**Problem**
Line by line, transcribe the data below exactly and pass over the images.

**Data segment**
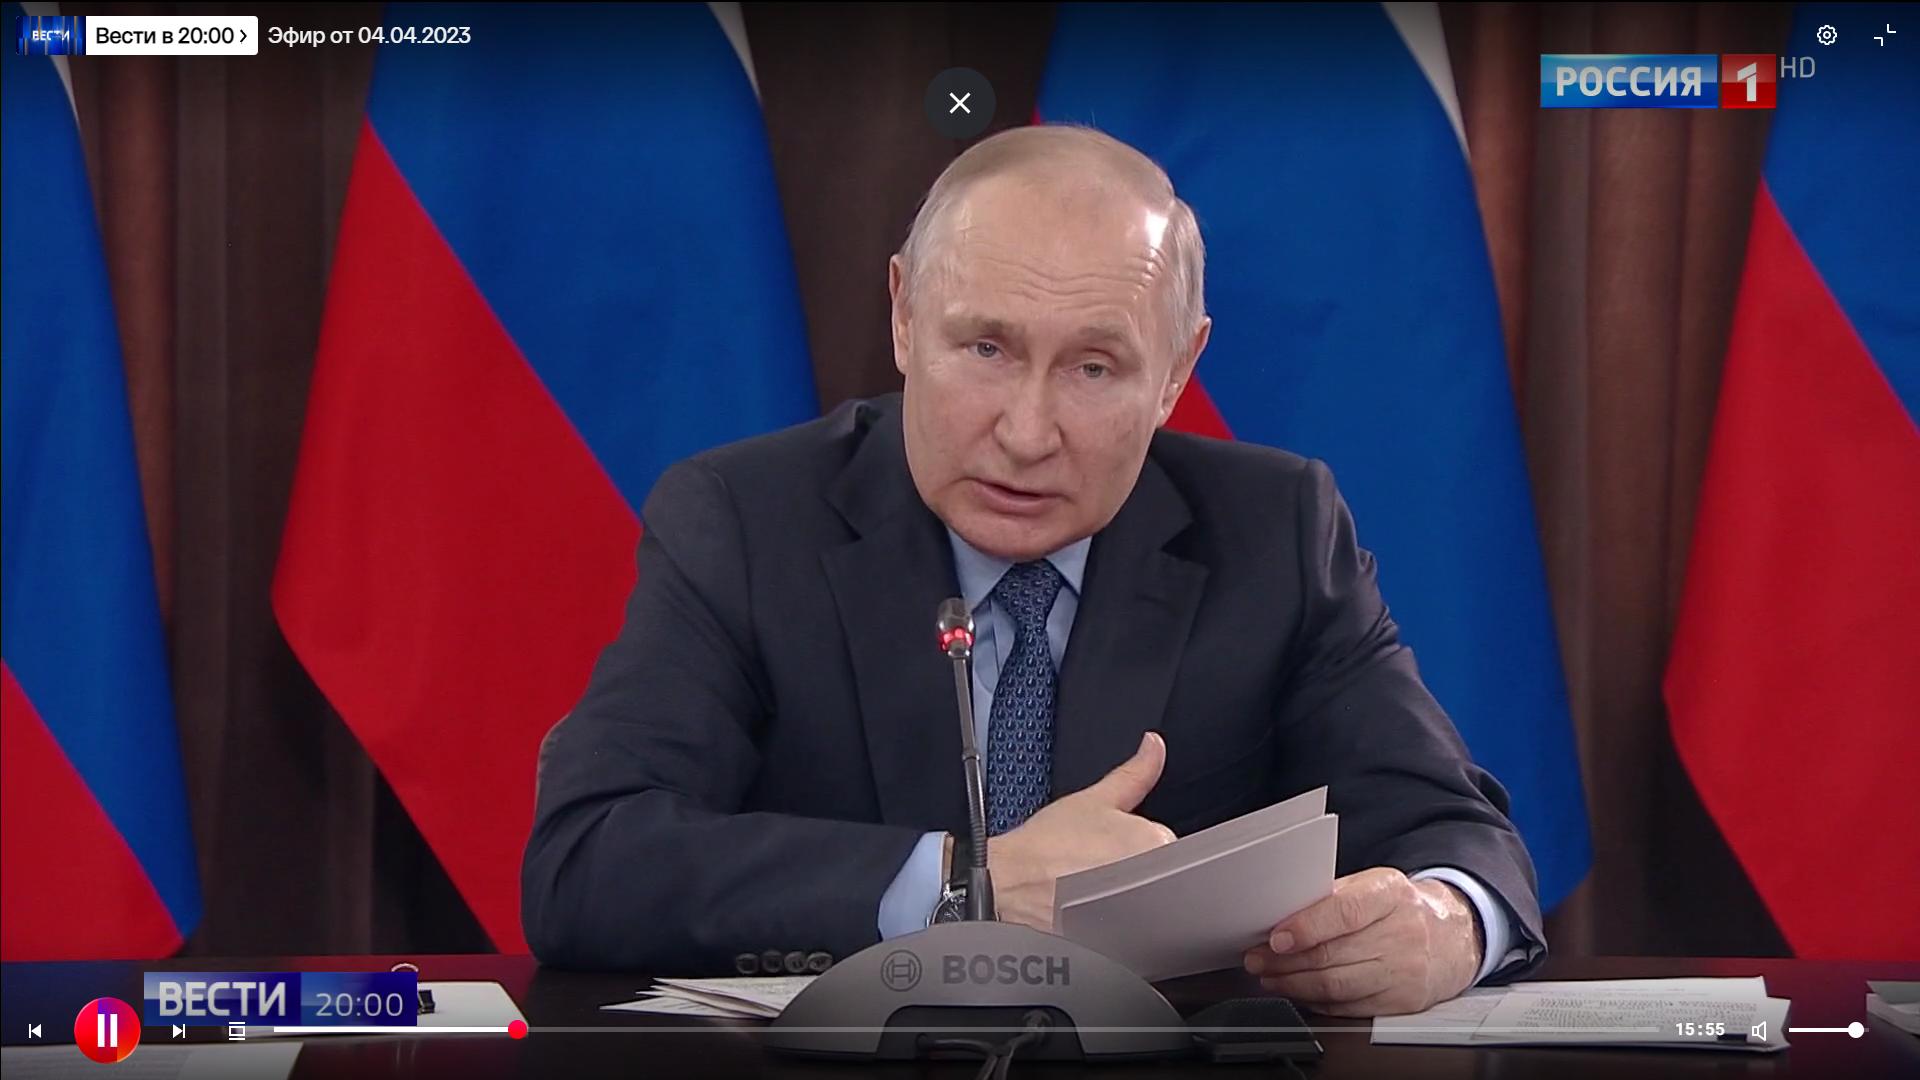 Męzcżyzna w garniturze (Putin) mówi do mikrofonu marki BOSH
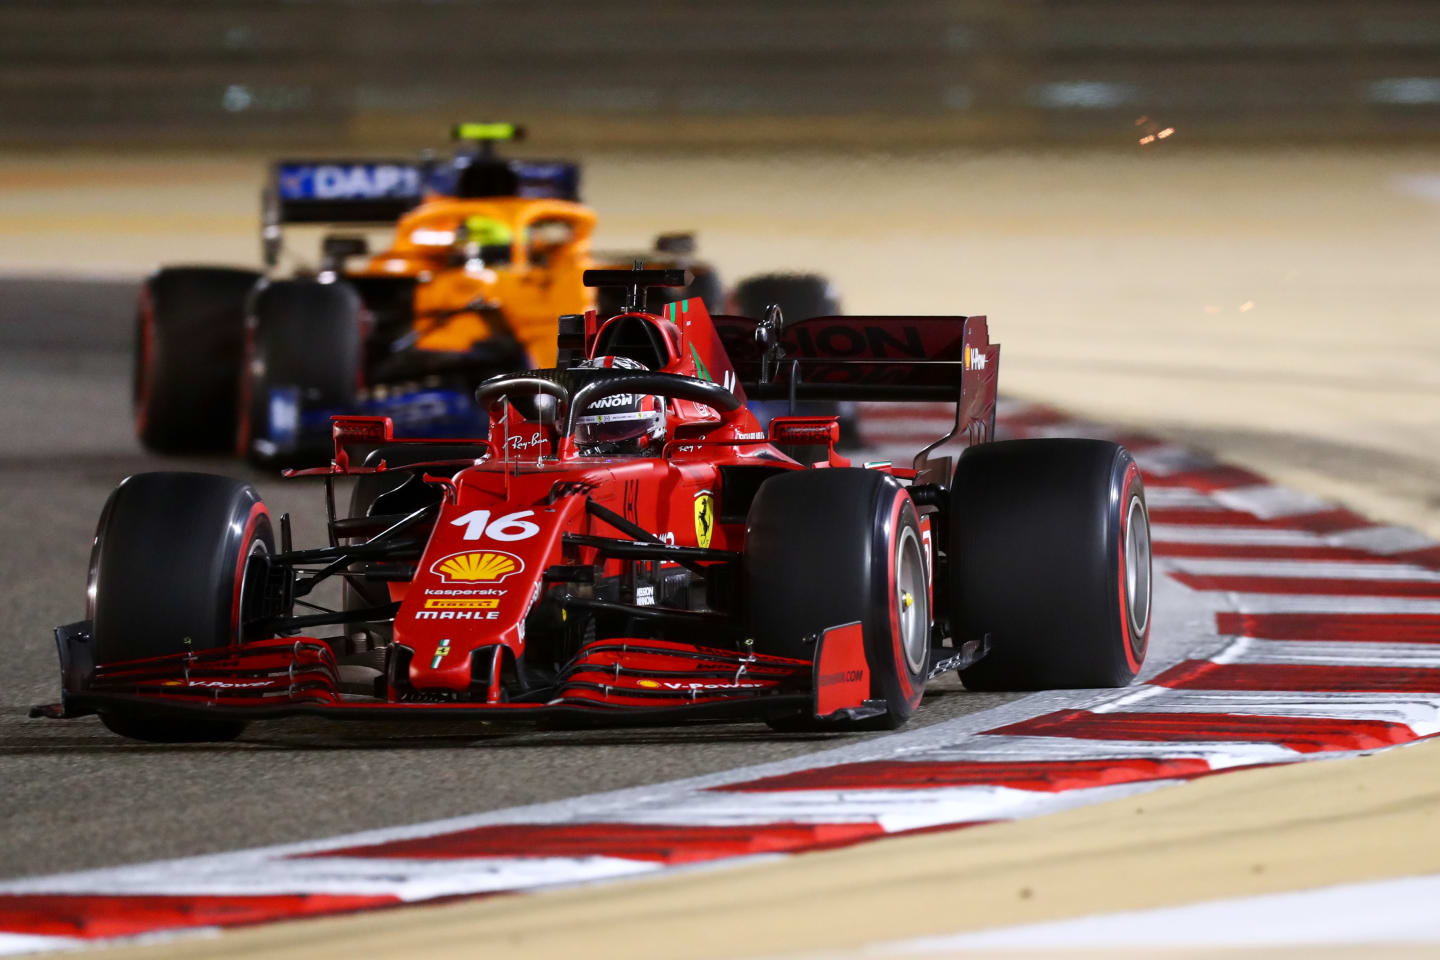 BAHRAIN, BAHRAIN - MARCH 28: Charles Leclerc of Monaco driving the (16) Scuderia Ferrari SF21 ahead
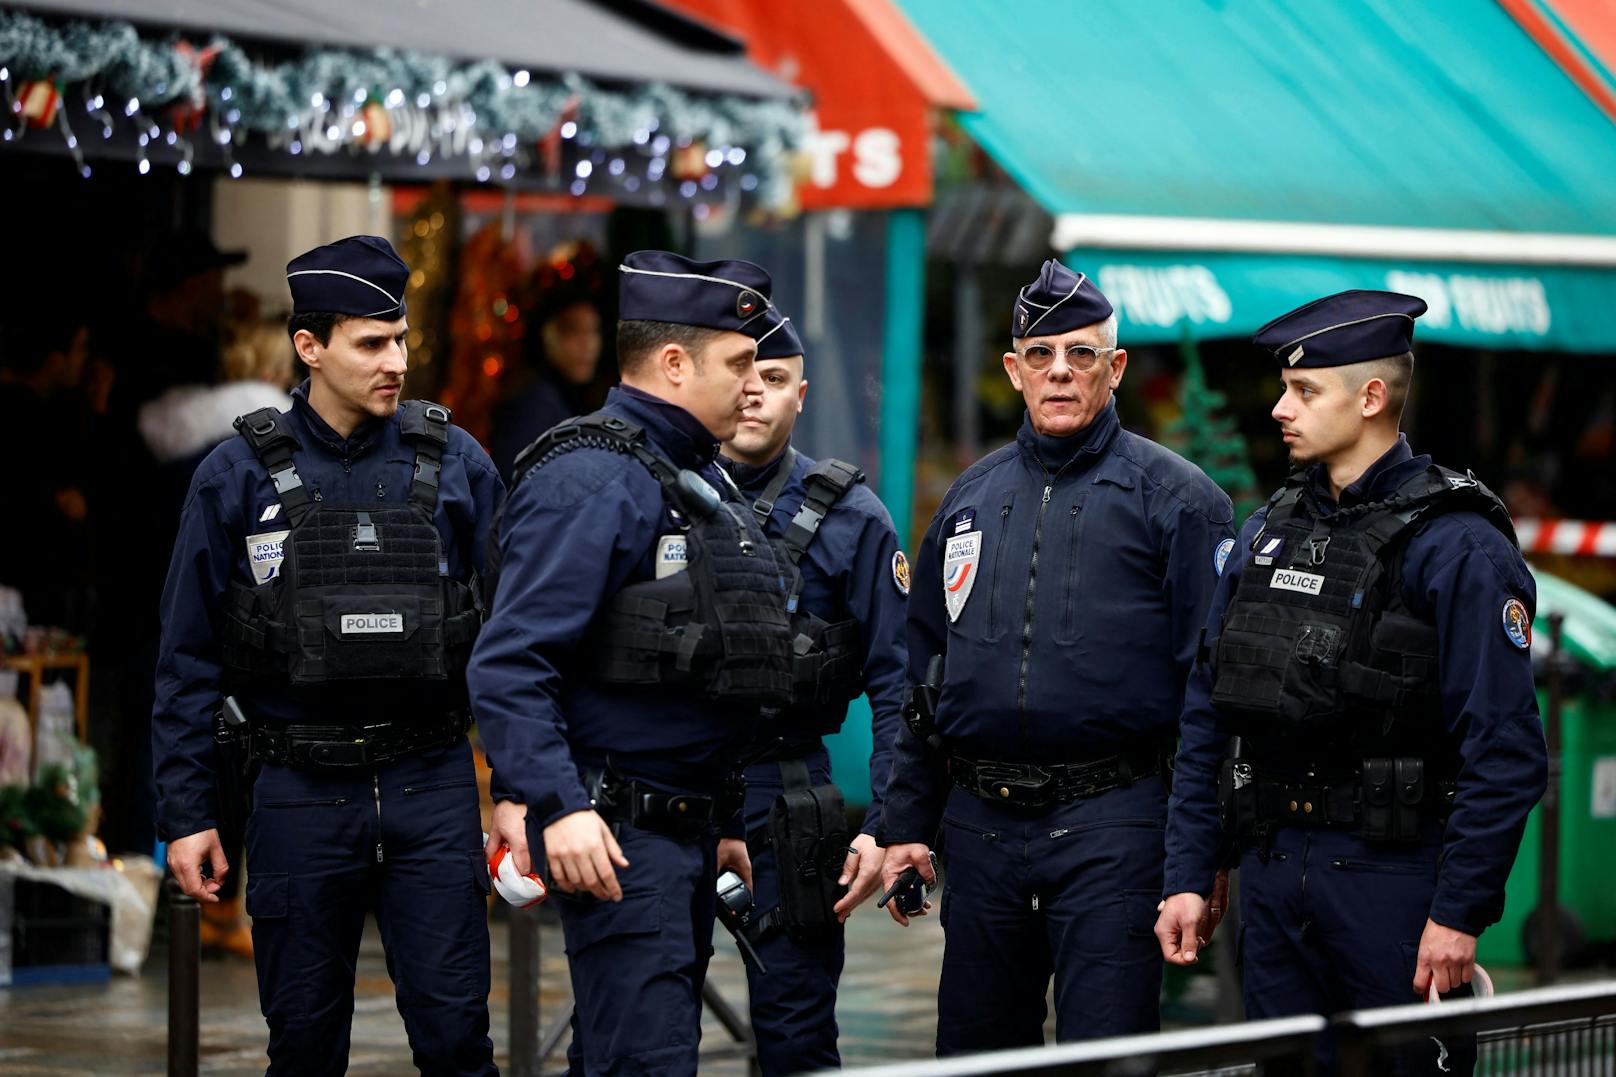 Die Schießerei soll sich Pariser Medienberichten zufolge in einem kurdischen Kulturzentrum ereignet haben.

**Output for this task**
 Męzcżyzna w garniturze (Putin) mówi do mikrofonu marki BOSH
 BAHRAIN, BAHRAIN - MARCH 28: Charles Leclerc of Monaco driving the (16) Scuderia Ferrari SF21 ahead
 Die Schießerei soll sich Pariser Medienberichten zufolge in einem kurdischen Kulturzentrum ereignet haben.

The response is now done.